Nonlinear dynamic metamaterials are essential for advancing control over wave propagation in ways that traditional materials cannot achieve. Their engineered microstructures enable unprecedented manipulation of mechanical and acoustic waves, including directionality, frequency filtering, and energy localization. Unlike linear metamaterials, the nonlinear response offers clear advantages including adaptive and tunable behavior, allowing these materials to dynamically react to changes in amplitude or external stimuli, and enabling them to be much smaller [1, 2]. This capability is critical for applications requiring real-time reconfigurability, such as vibration isolation, impact mitigation, and signal processing in extreme environments. As modern technologies demand more responsive and intelligent systems, nonlinear dynamic metamaterials offer a transformative platform for next-generation materials design.
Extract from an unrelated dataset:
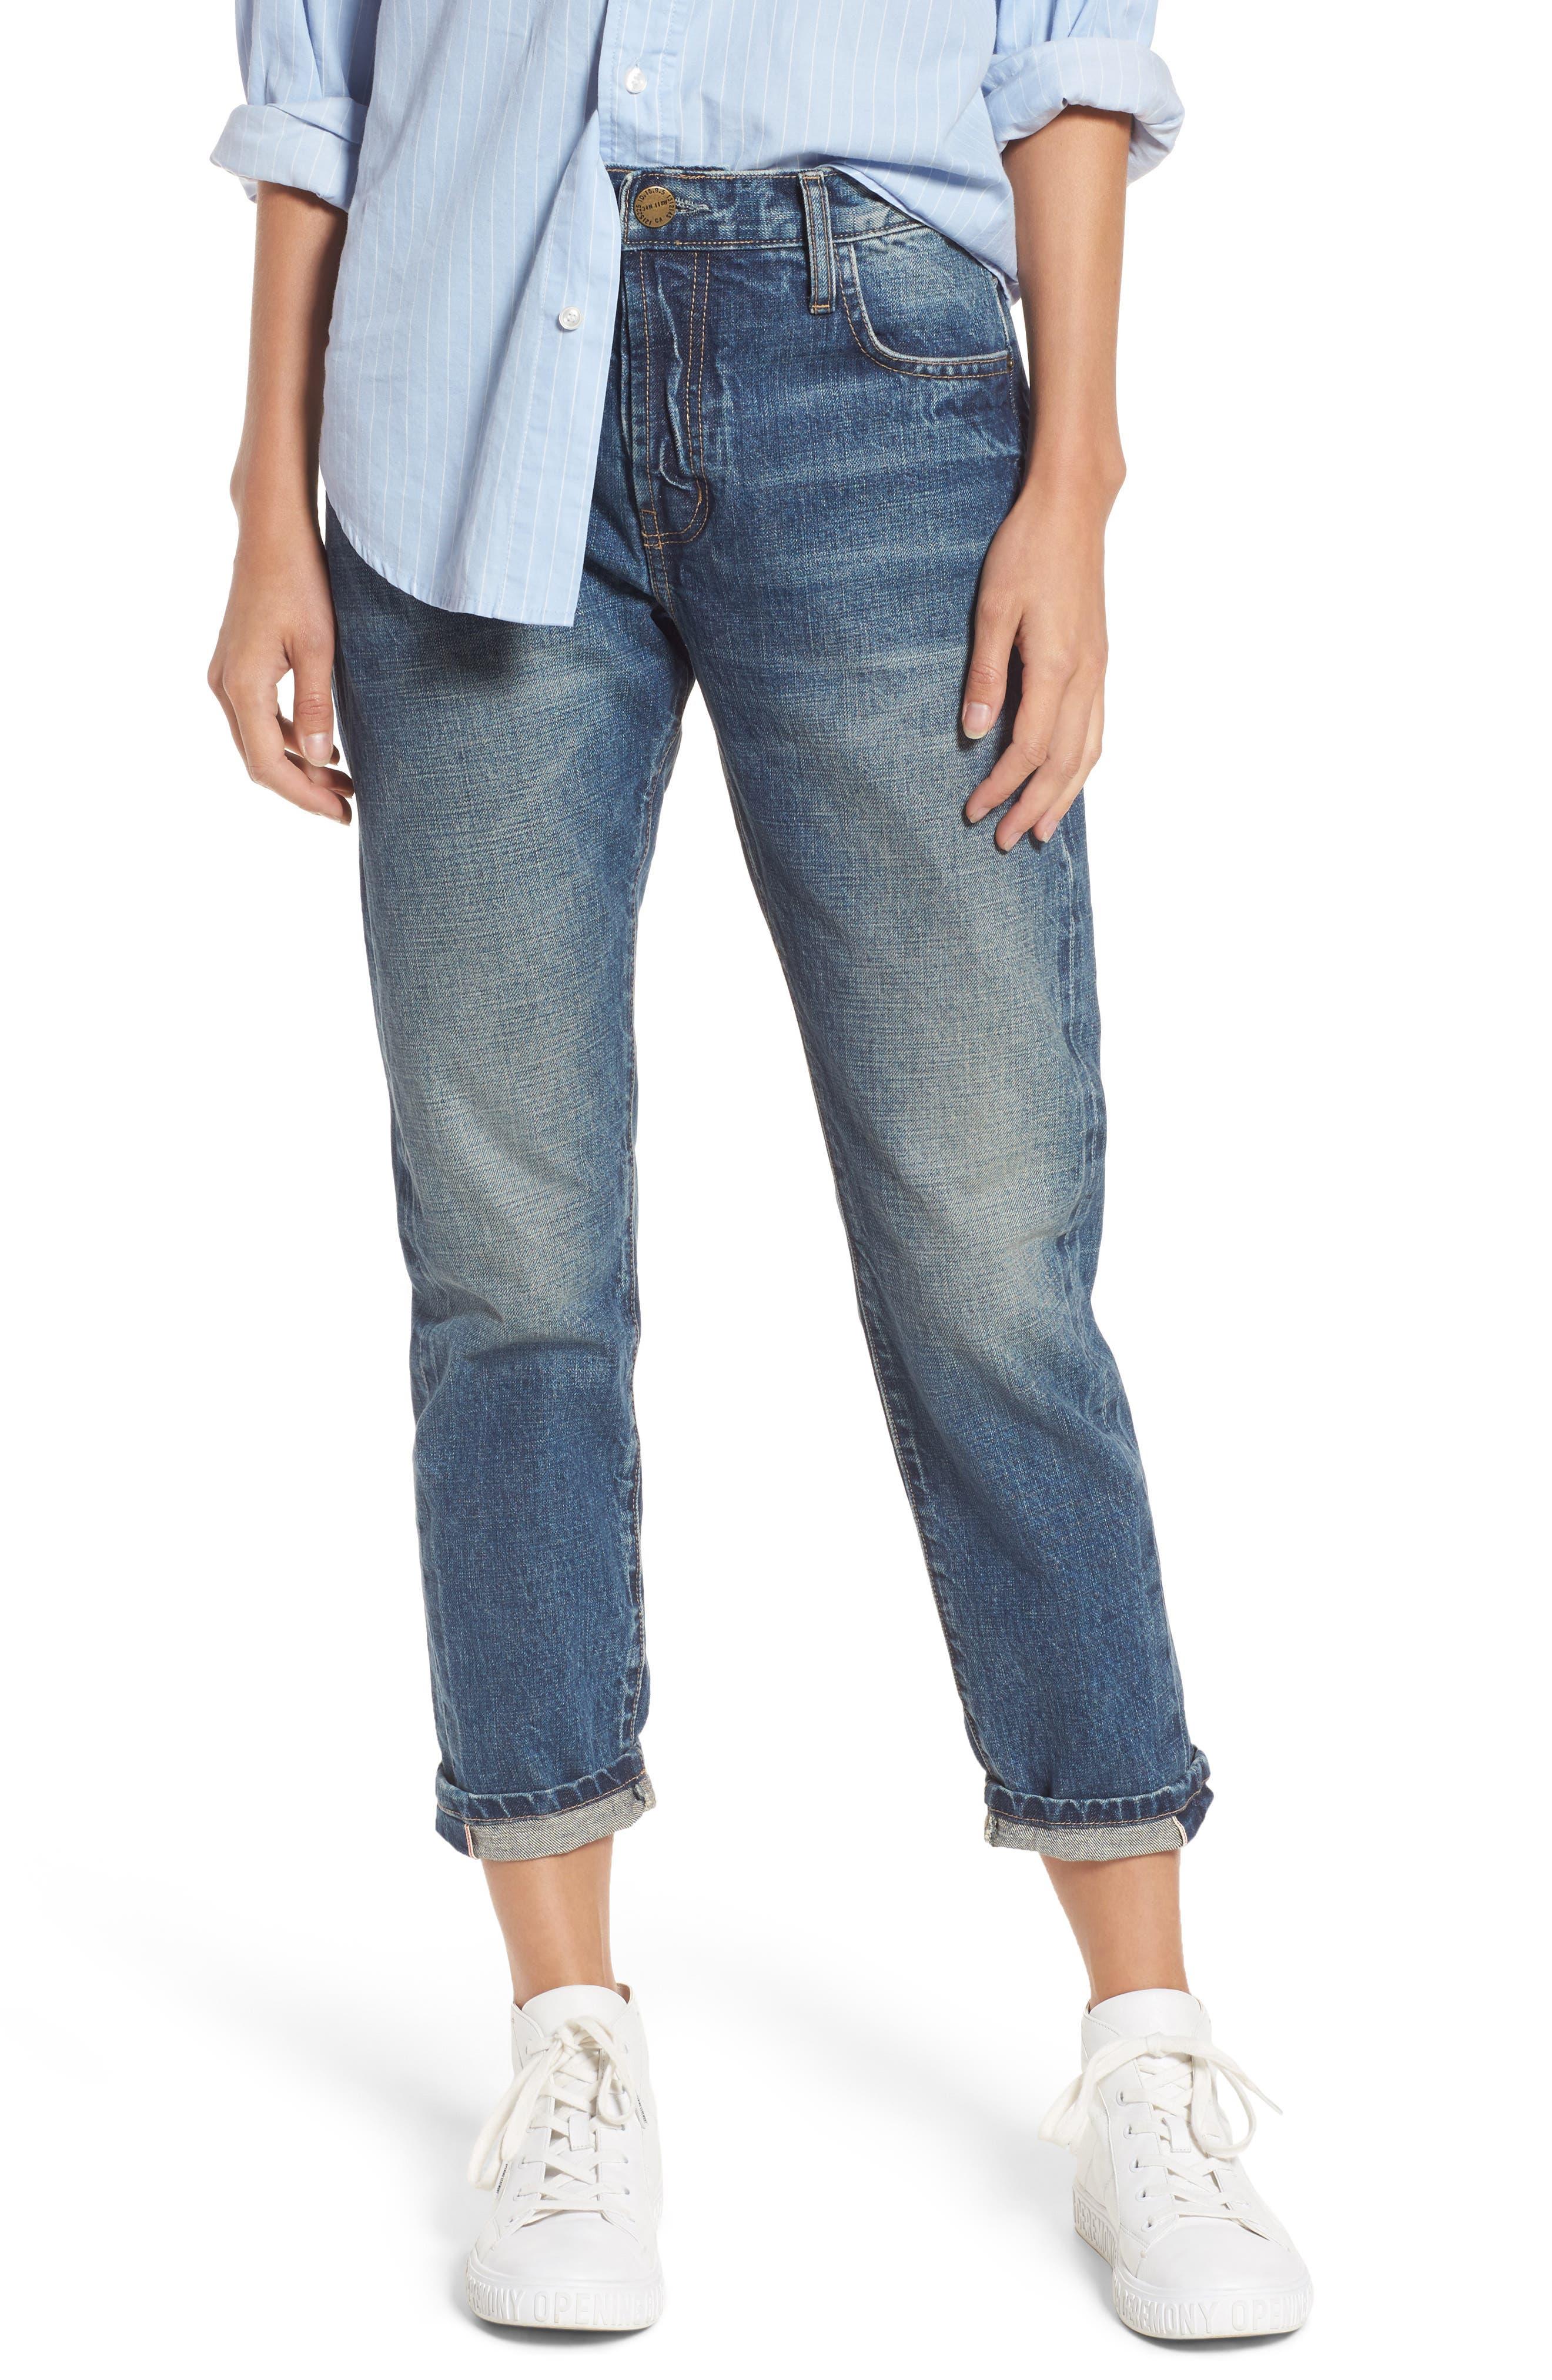 Main Image - Current/Elliott The Selvedge High Waist Crop Jeans (Hemet)

Due to the presence of nonlinearities and instabilities, prediction of the dynamic response becomes increasingly difficult, eventually leading to fully chaotic behavior with many possible trajectories, Figure (left), (middle). This means that standard computational techniques are not very effective and other approaches need to be adopted, predicting probability densities of achieved states in which dynamic materials operate, rather than exactly tracking individual trajectories. An ideal candidate for this purpose is machine learning technique called flow-matching, which transforms probability mass in a configuration space of a given dynamic system, cf. Figure (right) and [3]. The objective of this project is to develop a flow-matching algorithm, capable of predicting behavior of nonlinear dynamic metamaterials in terms of probability densities of their trajectories. The project will start with dynamic behavior of simple systems (such as Duffing oscillator), generalizing subsequently to realistic microstructures, and aiming ultimately towards design of new metamaterial geometries and structures.
References
[1] Dykstra, D. M. J., Lenting, C., Masurier, A. & Coulais, C. Buckling Metamaterials for Extreme Vibration Damping. Advanced Materials 35, 2301747 (2023), https://doi.org/10.48550/arXiv.2302.11968.
[2] Bordiga, G., Medina, E., Jafarzadeh, S. et al. Automated discovery of reprogrammable nonlinear dynamic metamaterials. Nat. Mater. 23, 1486–1494 (2024). https://doi.org/10.1038/s41563-024-02008-6
[3] Lipman, Y. et al. Flow Matching Guide and Code. Preprint at https://doi.org/10.48550/arXiv.2412.06264 (2024).